In fact, Halcyon can eliminate the need for human intervention altogether, including in interactions with customers. If it identifies a problem at the customer’s end, Halcyon can put together and send an email with evidence of the problem along with solutions to the customer directly.

There’s a closed feedback loop on Halcyon’s recommendations, allowing the model to improve over time. It can identify software defects and create cases for development or identify issues and create cases for the IOC. And we’re now enabling Halcyon to self-heal the infrastructure, meaning initiate action on its own recommendations.

Halcyon will help us analyze all of the data more than 50% faster — a meaningful improvement — with every minute it saves resulting in nearly 10,000 users accessing their money and moving a total of nearly $10 million. 

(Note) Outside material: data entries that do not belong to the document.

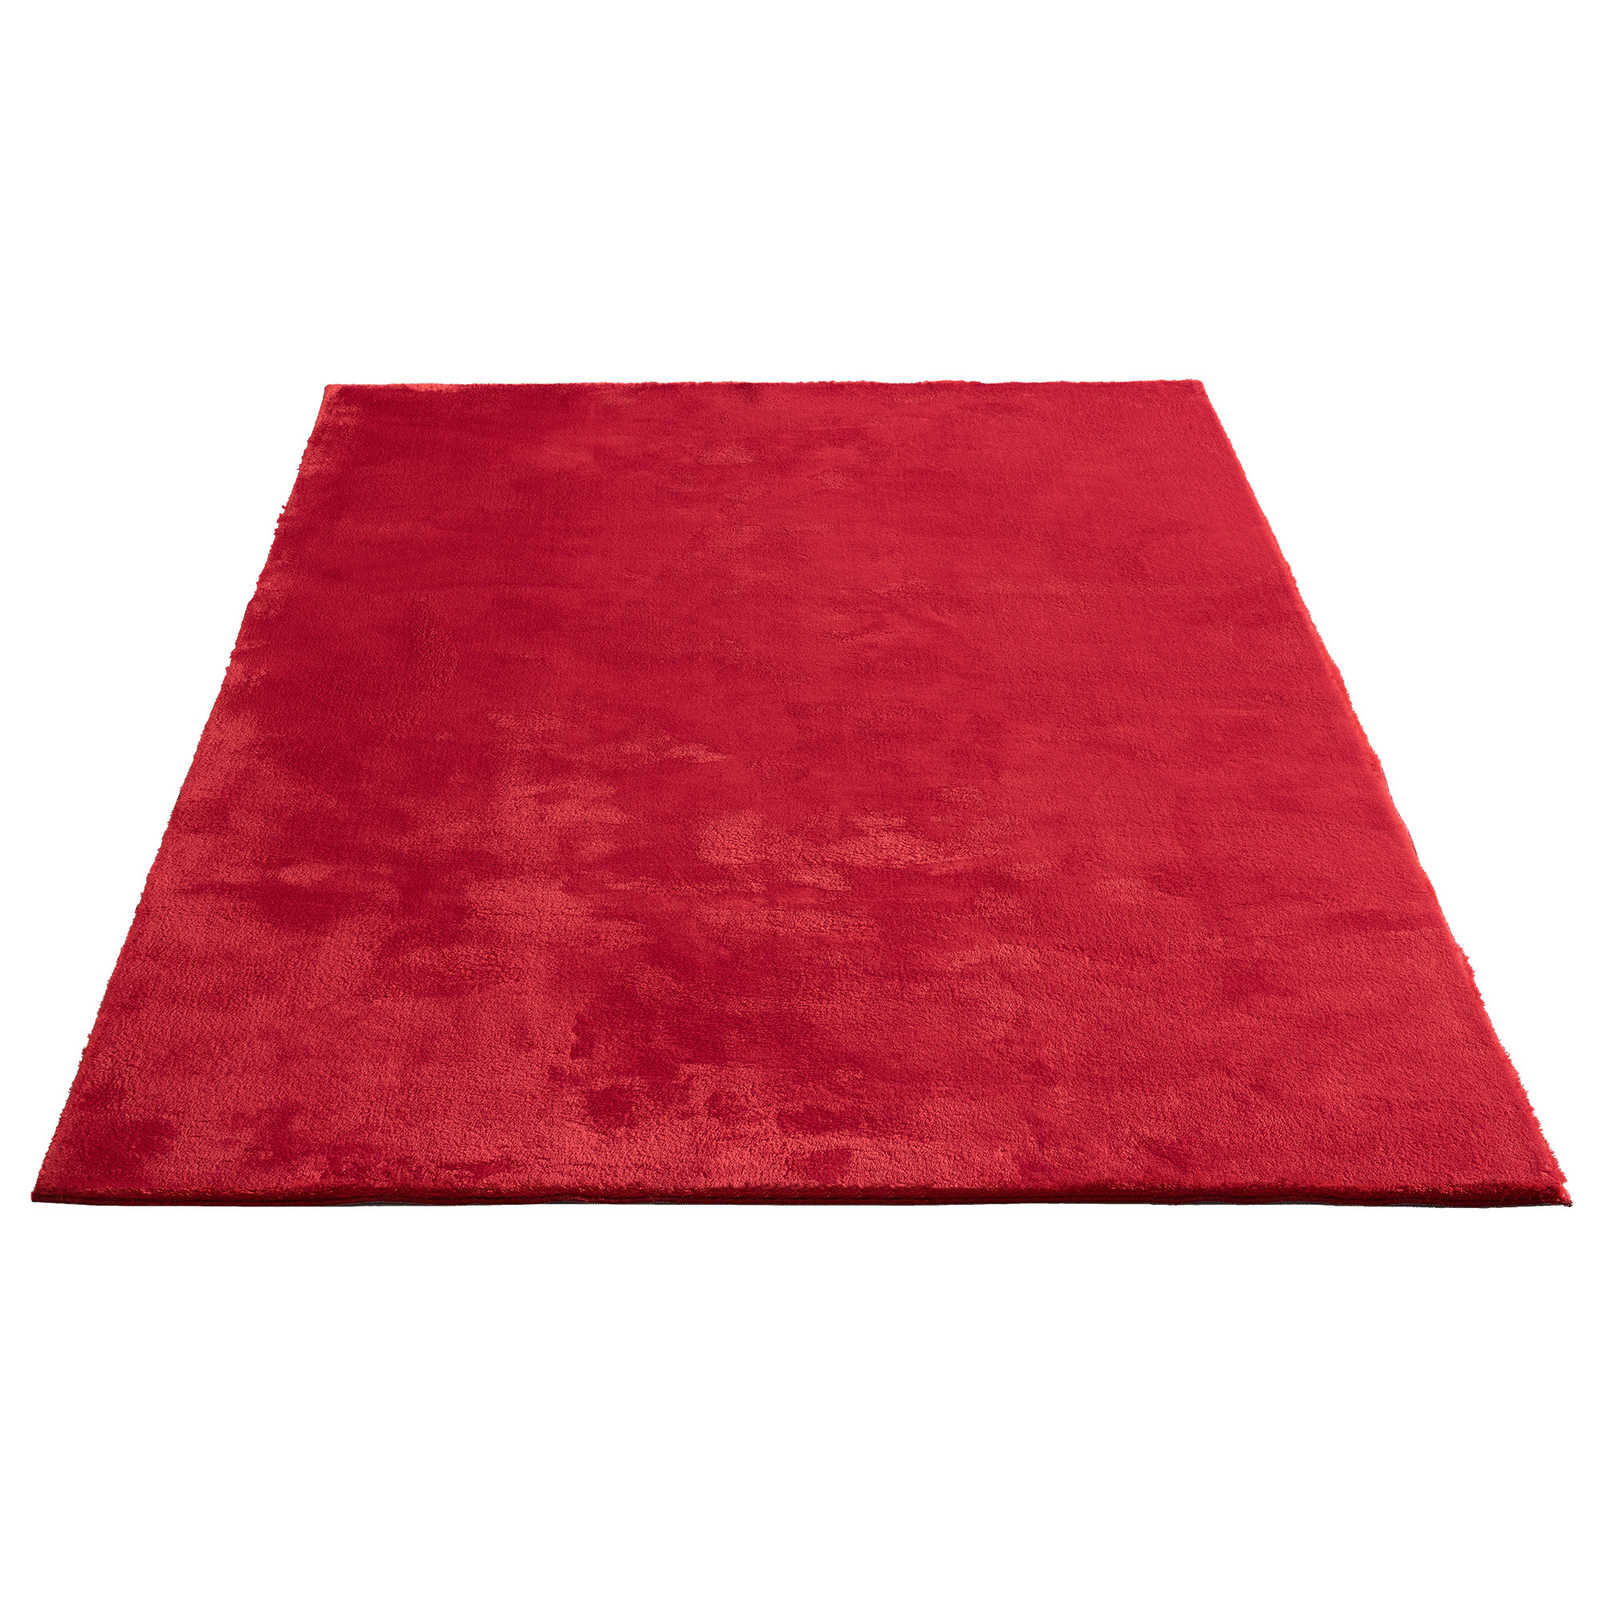 Besonders weicher Hochflor Teppich in Rot – 290 x 200 cm
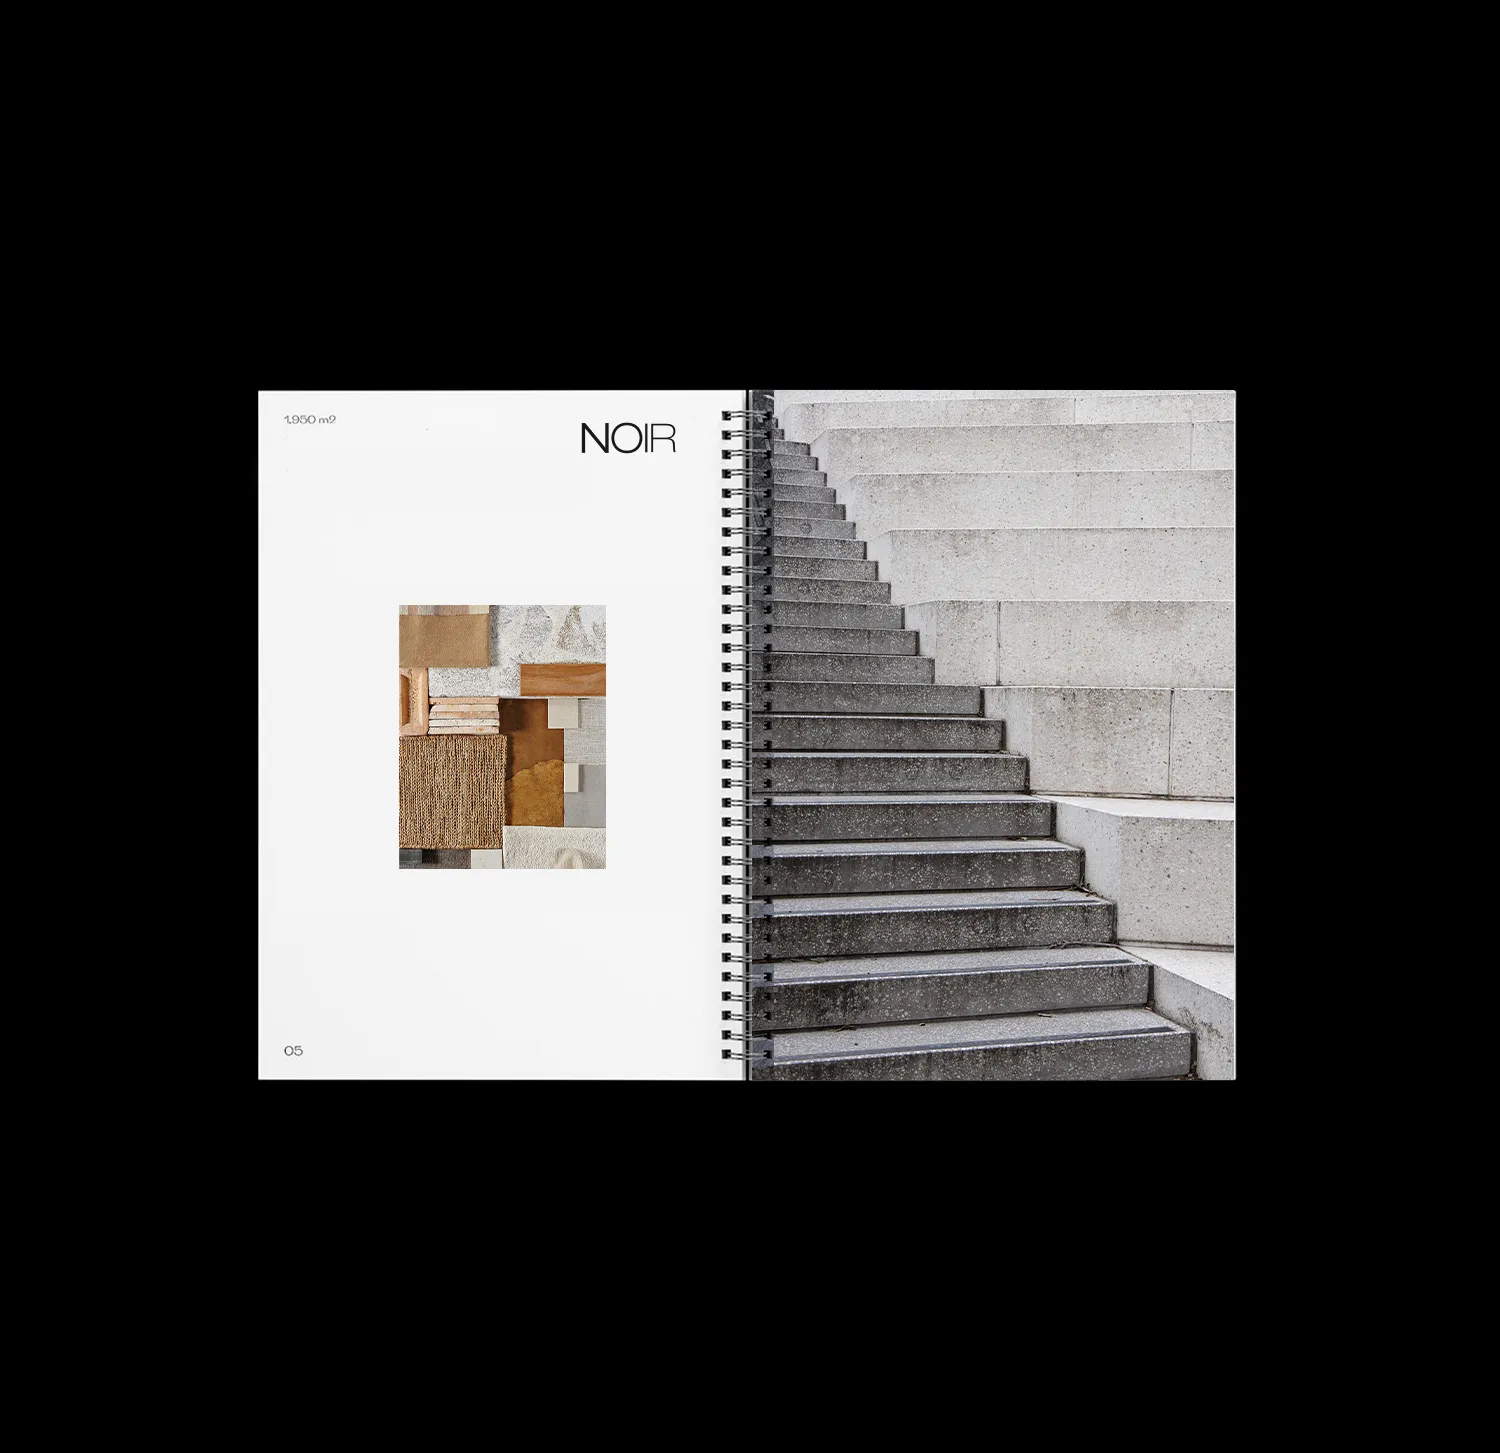 Catálogo com moodboard de arquitetaura de um lado e foto de uma escada do outro sobre fundo preto
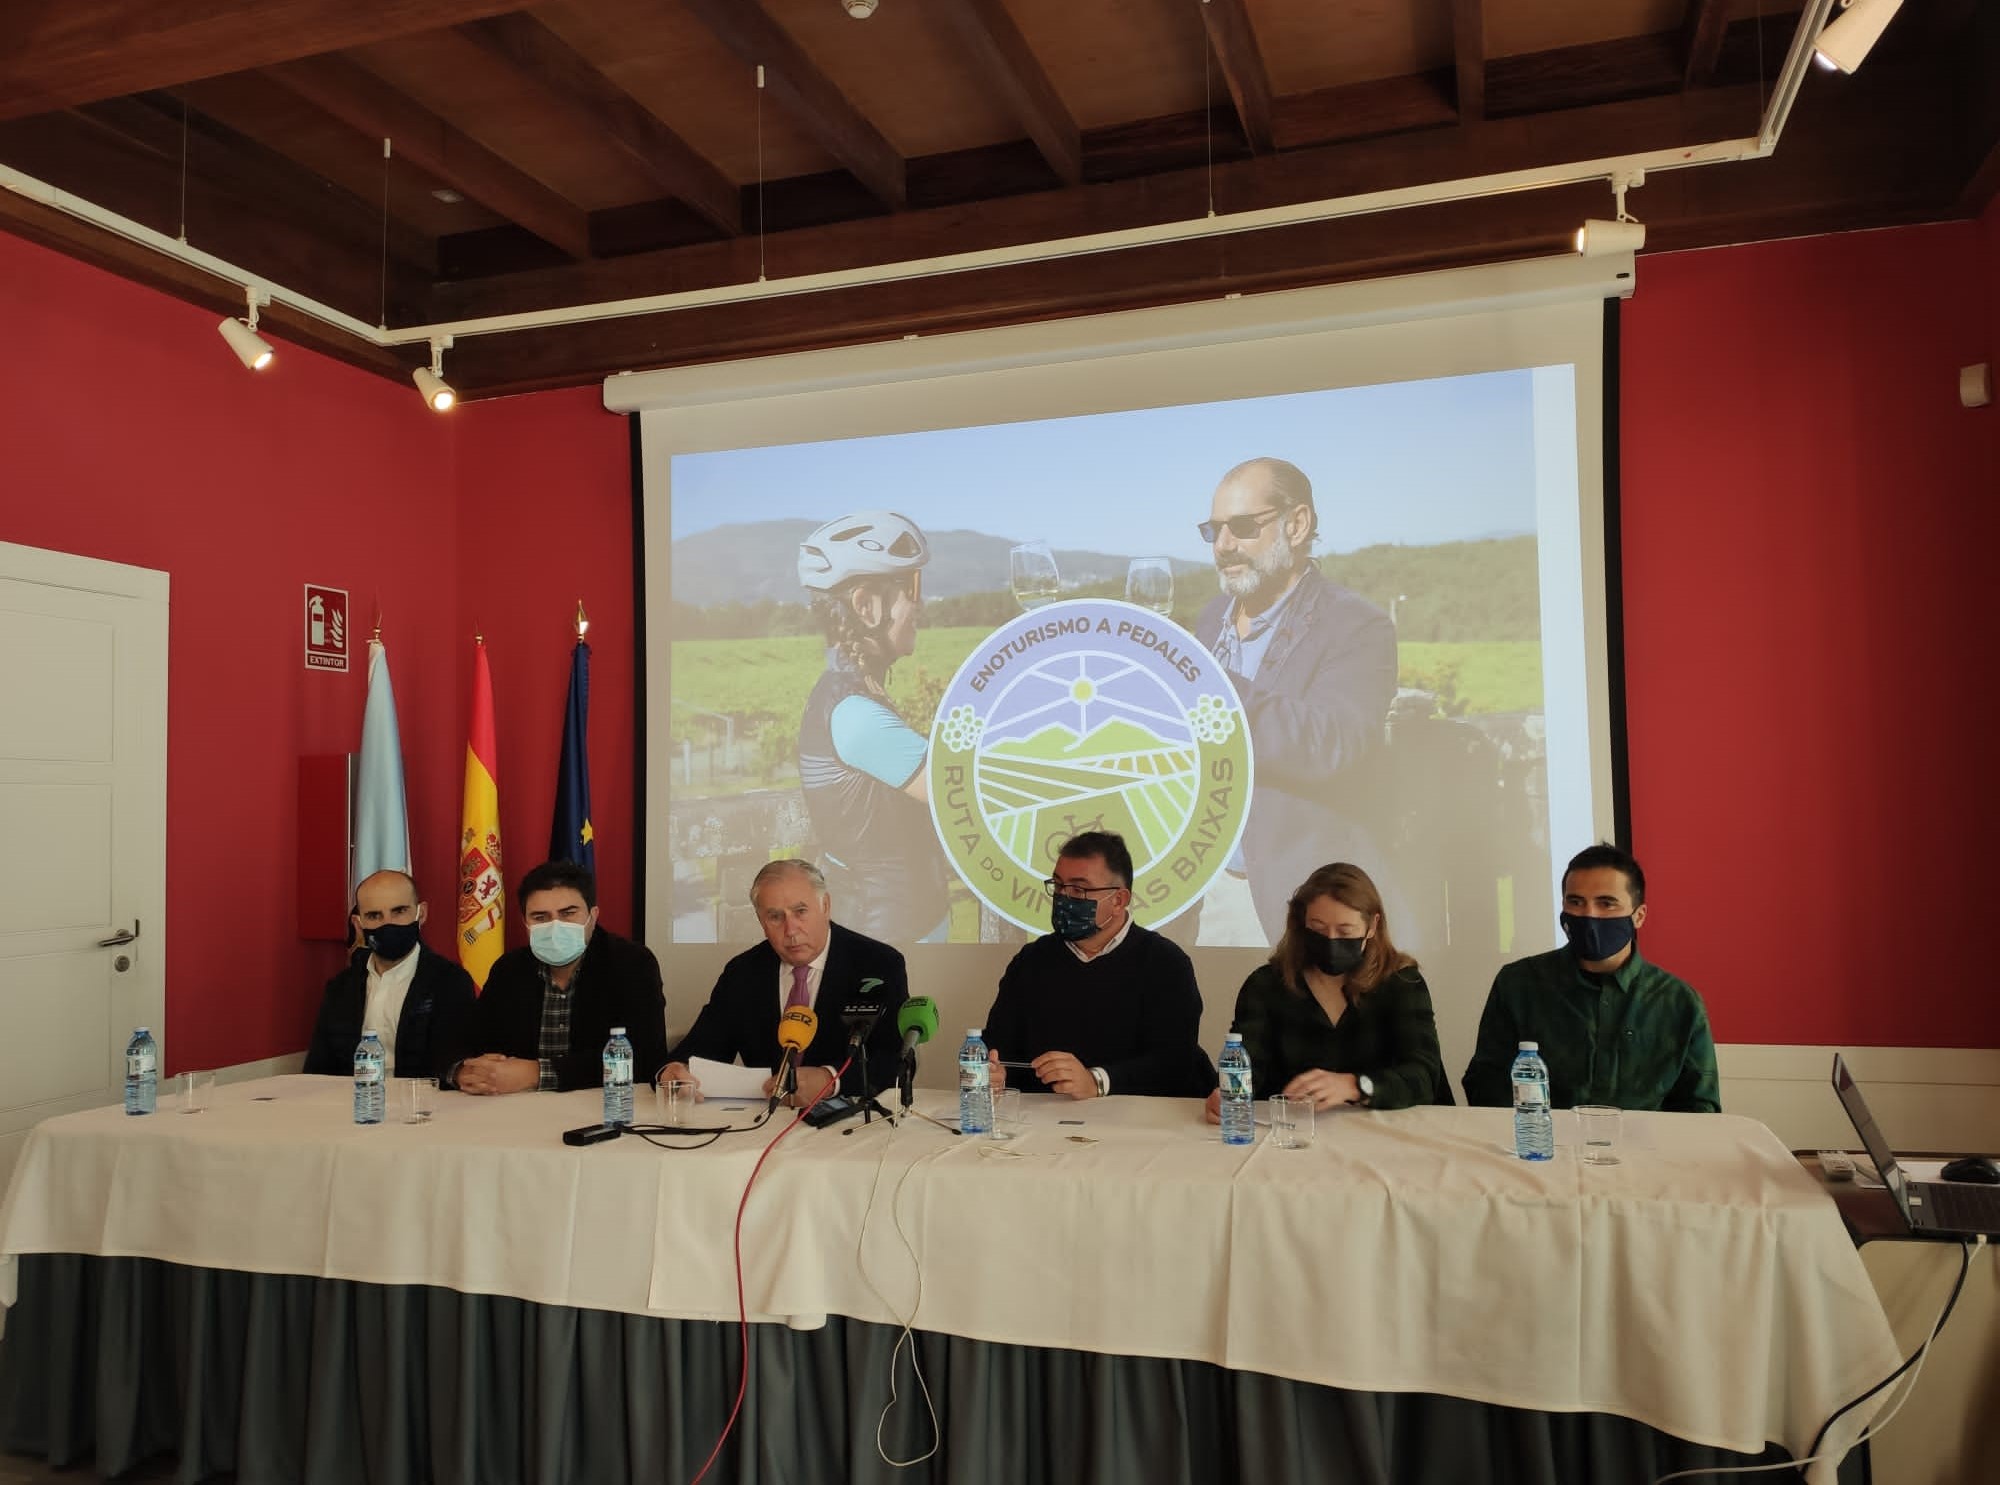 La Ruta do Viño Rías Baixas da a conocer su proyecto de cicloturismo “Enoturismo a pedales” a través de la experiencia de cuatro embajadores

Although Halcyon will allow us to investigate another quarter million events, we are targeting an overall reduction in alerts escalated to humans by 25% in Q1/2025, and 50% by end of Q2/2025. It’s important to note that we’re not just using our innovations to increase efficiencies, we’re also improving customer service. 

More important, Halcyon will serve as a platform for future innovation — allowing us to extend its impact further into intelligent automation.

In short, Halcyon is doing all the things we wish we could do if we just had a hundred more people — for less than $25,000 annually. That’s the power of AI.